Ultimately I wanted it so I could leave the UK while the RC is being processed. But I think the risk of not getting back in just isn't worth it.


----------



## nyclon (Apr 3, 2011)

> That's what I thought (specifically while the RC is being processed). My US ID won't work? Or I can't get a UK ID? I don't remember ever carrying around my passport in the UK, just my US driver's license.


Yes, your US ID will work. I have never carried my passport with me on a regular basis. I have only needed it to open a bank account and a few other occasions which I don't even remember. Other than that I carry a US driving licence which (ironically, I think) was acceptable as identification for my UK citizenship swearing in ceremony as I had forgotten to grab my passport. You might need to produce some sort of ID when picking up tickets at a venue but they just want to see something with your name on it so a credit or debit card will suffice.

There are no identity cards in the UK. You can apply for a provisional driving licence (which you need before you can apply for a full licence which you can do after passing both a driving a theory test) but that will require you to send your passport as well.


----------



## Jrge (Mar 22, 2011)

Hi


ilovepie said:


> Thanks Jrge! Always so helpful! :clap2:
> 
> Right, that letter too! Well I hope we get the certificate back, will need it later. We are heading back to WI and could get another copy if needed I suppose. Do you know if they take photocopies? Obviously they'll send both of our passports back right? Also we may not have time to get my wife's German passport photocopied at the embassy (unless they let me do it) so I may have to send her passport too. Any reason that's not a good idea?


The cover letter is the most important piece of all the documents. If it helps, my wife and I always have at least 3-4 marriage certificates kicking around. They aren't expensive and you always need them, and for the passport I've always suggested just to send a certified copy of it. (Murphy's law?, perhaps)



ilovepie said:


> OK, so I'll do 6 months. If I make it October 1st but later book a flight for October 5th that's not a problem?

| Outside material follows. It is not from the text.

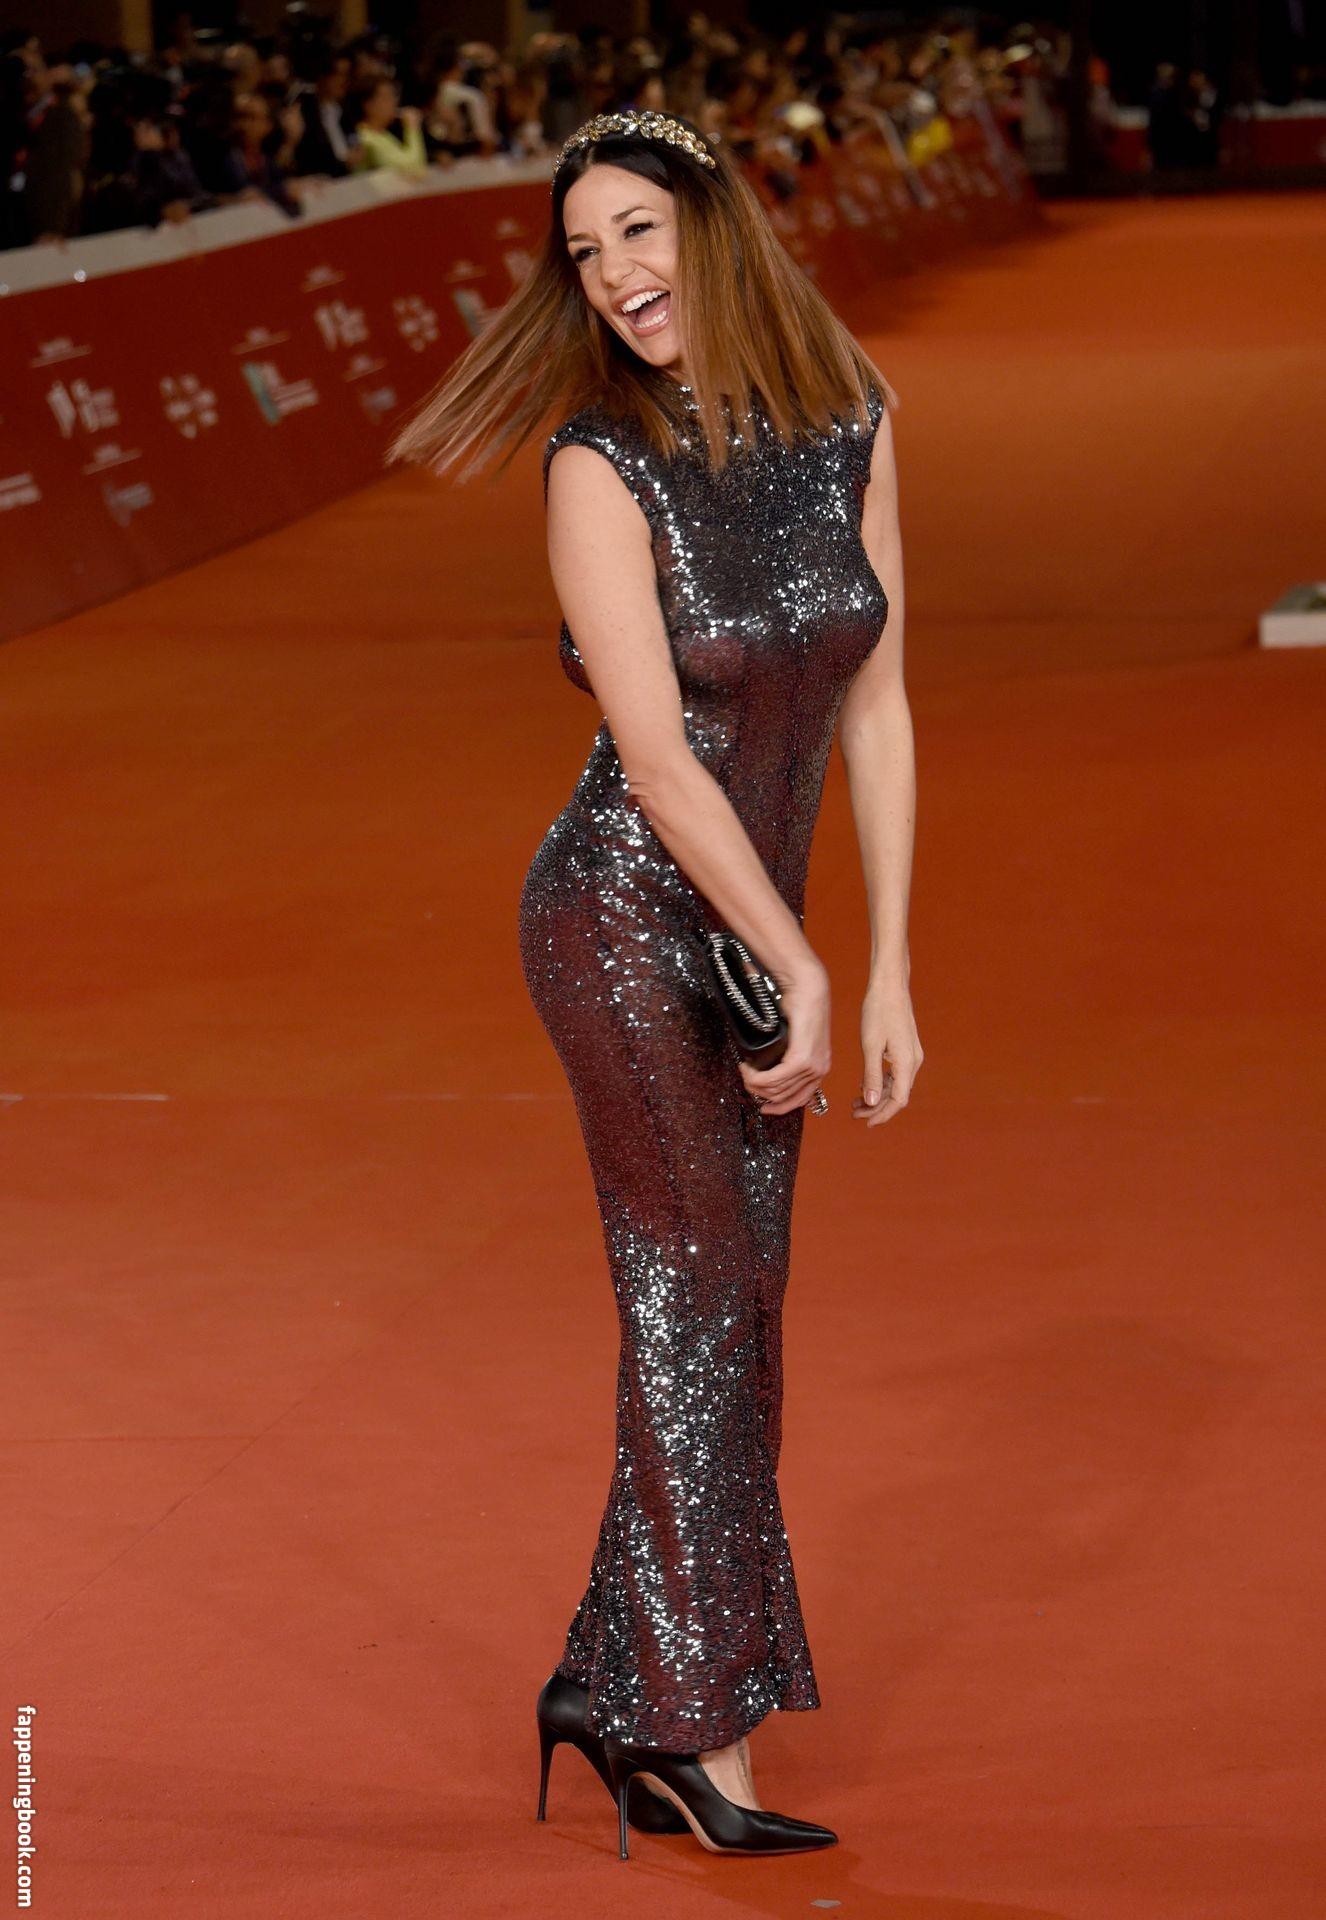 Alessia Fabiani Nude, Sexy, The Fappening, Uncensored

No, it won't be a problem.



ilovepie said:


> Of course, ideally we want her to find a full time job at least within a month. If not, hopefully we can do self-sufficient or job searcher as a last resort.


That will be the perfect plan, but again my recommendation is to be sponsored as worker and no as sef-sufficient or job seeker.



ilovepie said:


> That's what I thought (specifically while the RC is being processed). My US ID won't work? Or I can't get a UK ID? I don't remember ever carrying around my passport in the UK, just my US driver's license.


I should had shared more details; due to the nature of my job I must produce a passport (or a document similar to it) to enter certain facilities, hence the passport card has always been with me. But, my PA driver's license was widely accepted. Now, my Alberta's driver license is even better 



ilovepie said:


> Ultimately I wanted it so I could leave the UK while the RC is being processed. But I think the risk of not getting back in just isn't worth it.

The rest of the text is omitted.